Когда они присаживались где-нибудь на минутку, в кафе, в кабинках на пустынном пляже, на досках мола, их взгляды наконец встречались. Трудно было о чем-либо говорить. Ей хотелось прижаться к нему. Она чувствовала кожей каждый его взгляд. Ясные голубые глаза его смотрели бесстыдно.
Вечера, когда они вместе с другими сидели на террасе, выходившей на лагуну. Освещенные желтым светом фонарей деревья создавали иллюзию какой-то неожиданной городской толпы. Эти приятели, общие знакомые, веселая, без умолку болтающая компания были островом, к которому причаливают на минуту, чтобы почувствовать твердую почву под ногами; впрочем, интерес представляет только плавание.
Дом, скрытый в лопухах, огороженный высоким забором. Она крадется туда, зная, что он там. Только чтобы его увидеть. Вдруг понимает, что она голая, отскакивает с дороги в лопухи. Пробирается сквозь них в сад, к задней стороне дома. Теперь она видит освещенные окна гостиной. Какой-то прием. Люди за окном прохаживаются с бокалами в руках. Их губы беззвучно шевелятся за стеклом. Та женщина, та красивая женщина в голубом — его жена. Для всех у нее наготове улыбка; как же хорошо она держится. Лопухи становятся острыми и колючими. Его там нет, в этой гостиной-аквариуме. Его нет.
Внезапно она очнулась. Шляпа больно давила на затылок. Она поднялась и посмотрела в зеркало — глаза слегка опухли и слезились. Пора.

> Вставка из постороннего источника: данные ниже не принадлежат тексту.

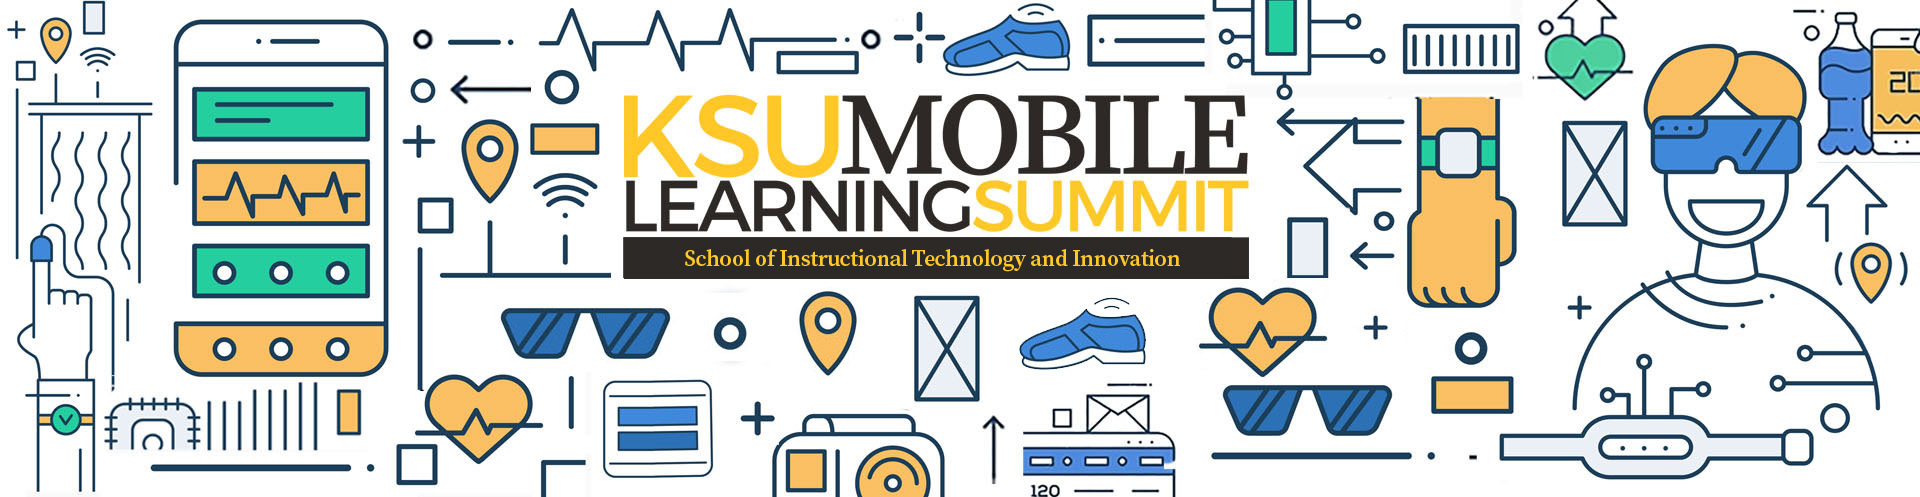 KSU Mobile Learning Summit Banner

Алленштайн — две улицы крестом, замок, ратуша и вчерашняя мода на улицах. Тут каждая история должна начинаться с вокзала. Тут нельзя жить, сюда можно только приехать. Прусский порядок и азиатская меланхолия. Еле уловимый запах воды. Она заказала кофе, когда часы пробили три раза, — дети сейчас спят после обеда. Она внезапно затосковала по их запаху — почему волосы детей всегда пахнут ветром? Кельнер взял деньги, взглянув на нее с интересом, почти игриво. Она не спеша направилась в сторону вокзала. И вдруг от ее спокойствия не осталось и следа. Сердце запрыгало в груди. Она почувствовала себя эфемерной, так, будто и не существовала вне этого момента, будто у нее не было ни прошлого, ни будущего. Женщина, идущая к вокзалу, ничего более.
Людей на перроне было немного — какой-то молодой человек с букетом, женщина с двумя детьми, сидящий на скамейке пассажир — из тех, что всегда опаздывают, которых поезда минуют стороной. Сразу за ней пришли четверо мужчин. Важные, слега располневшие, один в очках в проволочной оправе, второй в элегантном черном костюме и с моноклем в глазу (прямо как из похоронного бюро, подумала она, глядя на него). Третий и четвертый — без особых примет. Это, наверное, они. Представители культурных кругов Алленштайна, ожидающие прибытия знаменитого писателя. Потом появилась многочисленная группа молодежи. Обстановка вдруг преобразилась, на перроне стало оживленно, шумно. Что это: сборы на пикник или в прусских школах объявили выходной? Пожилой учитель безуспешно пытался навести порядок.
Как это странно — он плакал, когда они расставались в Венеции. Держал ее за руку, а эти его холодные голубые глаза застилались слезами. «Что за глупость — плакать, мы же увидимся», — сказал он. Она подумала, что он должен сделать ей предложение — ведь для него так важны условности. «Что за глупость — делать предложение, мы же и так будем вместе», — крутилось у нее в голове. В тот момент ничего иного нельзя было себе вообразить.
Потом она поняла, что он плакал над собой. «Я написал Тебе четыре письма, — писал он в пятом, — но не отправил их. Они бередили то, что должно бы уже зажить. Ты так красива, так свежа, будто Тебя вовсе не коснулся земной мир. Ты нездешняя, как ангел. Чем дольше Тебя со мной нет, тем больше я Тебя хочу». Это письмо встревожило ее, неизвестно даже почему. Словно оно было адресовано кому-то другому.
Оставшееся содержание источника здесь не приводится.